(Article
inspiré de Charles Delattre, in Philosophie Magazine N°80)
L'histoire est présentée principalement par le poète Ovide
dans "Les Métamorphoses". Narcisse est un jeune homme trop beau et
trop orgueilleux. Le mage Tirésias lui prédit qu'il vivra longtemps "s'il
ne se connait pas." (Ce qu'on peut fort bien relier au mythe du Jardin
d'Eden et de ses deux arbres interdits : l'arbre de la connaissance – poison
mortel – et l'arbre de vie et ses fruits d'immortalité. Sans omettre que le
terme biblique pour connaissance ou connaitre s'applique aussi bien à la "pénétration"
intellectuelle qu'à la sexualité : Adam connut sa femme, c'est bien connu…) Narcisse mourra donc de se
connaitre lui-même, ce qui par ailleurs va à l'encontre de l'idéal platonicien du
"connais-toi toi-même" et, de nos jour, de l'idéal psy qui nous
enjoint de sonder sans cesse nos tréfonds.
Narcisse est dans l'apparence. Sa beauté attire
l'amour des filles comme des garçons, mais il reste indifférent. (On peut se
dire que Narcisse, déjà, avant même de SE voir, n'avait en quelque sorte jamais
contemplé le visage de l'autre.) Chasseur
au bois, il rencontre la nymphe Écho qui ne peut parler qu'en répétant les
paroles de l'autre. (On connait tous des copains qui s'amusent à ça… très
agaçants !). Nous voici donc déjà dans un cas de reflet : miroir,
simulacre, imitation perroquette… le double vocal avant le double visuel.
Narcisse la dédaigne, comme il a dédaigné ses autres amoureuses. Elle dépérit,
il ne restera d'elle que sa voix désincarnée : l'écho.

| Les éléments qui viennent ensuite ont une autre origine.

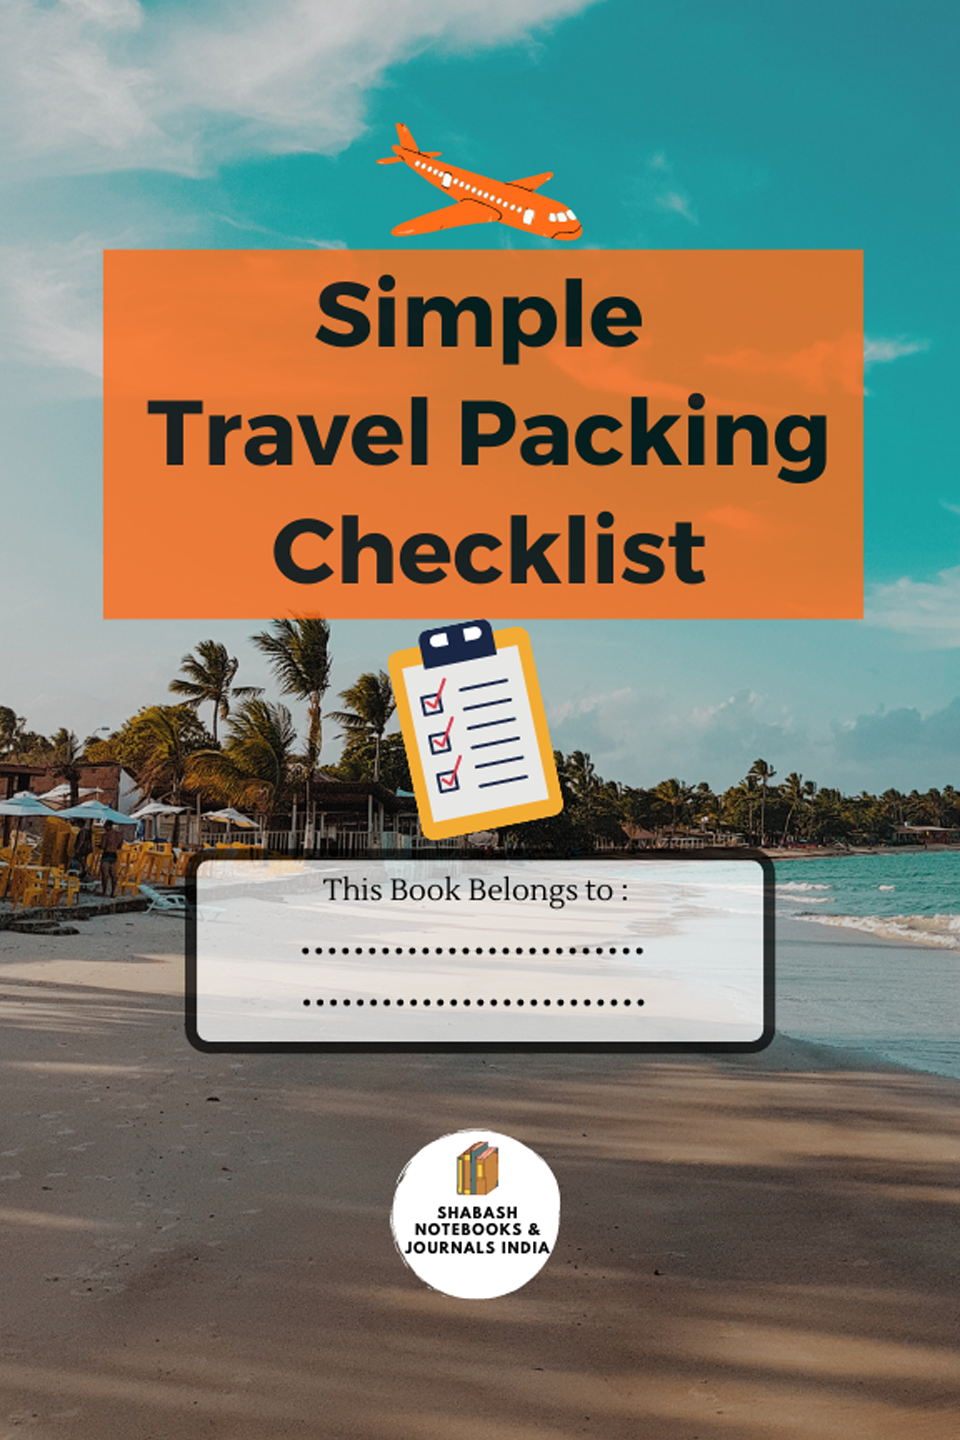 Simple Travel Packing Checklist: A Blank Notebook or Journal for Your Vacation plan, Travel checklist for Business People, Men & Women, Travelers Checklist for Holiday or Business's Book Image

Les dieux condamnent Narcisse pour son dédain. Il
sera puni en aimant à son tour un objet qu'il ne peut posséder : lui-même,
ou plutôt son reflet, son double au miroir, son simulacre. Il faut bien se
souvenir que le reflet, comme l'ombre, comme l'écho, n'a aucune autonomie,
aucune initiative, il dépend entièrement de son modèle. Et si l'écho demande un
petit délai pour se manifester, le reflet, lui est instantané, il nous parvient
à la vitesse de la lumière… Quand on le découvre, c'est comme s'il était toujours
déjà là.
Narcisse, donc, se penche au dessus du bassin d'une
fontaine à l'eau parfaite, miroir mille fois plus raffiné que les miroirs d'argent
ou de cuivre de l'antiquité. Il se voit comme il n'a jamais pu se voir. Les
grecs parlaient d'eidolon : le reflet
en tant qu'il n'est jamais nous-même. De là vient le mot idole, qui fait du dieu-statue "un reflet de nous qui n'est
pas nous", un simulacre. Dans la continuité du sens, l'eidolon est le spectre, le fantôme, le double… toujours
imparfait, un peu brumeux, plus ou moins inquiétant… déjà une image de ce qui
resterait de nous dans l'au-delà d'après la mort.
Une inquiétante étrangeté à soi : le reflet est
à la fois moi et autre. Je n'est pas un autre,
non, mais cet autre n'est pas
vraiment je. Trouble du double. Notre
conscience rationnelle, pourtant, nous permet assez vite de remettre chaque
chose à sa place : je suis moi, je me sais moi, de l'intérieur, il n'est
qu'un reflet, une image extérieure à moi, un hors-là.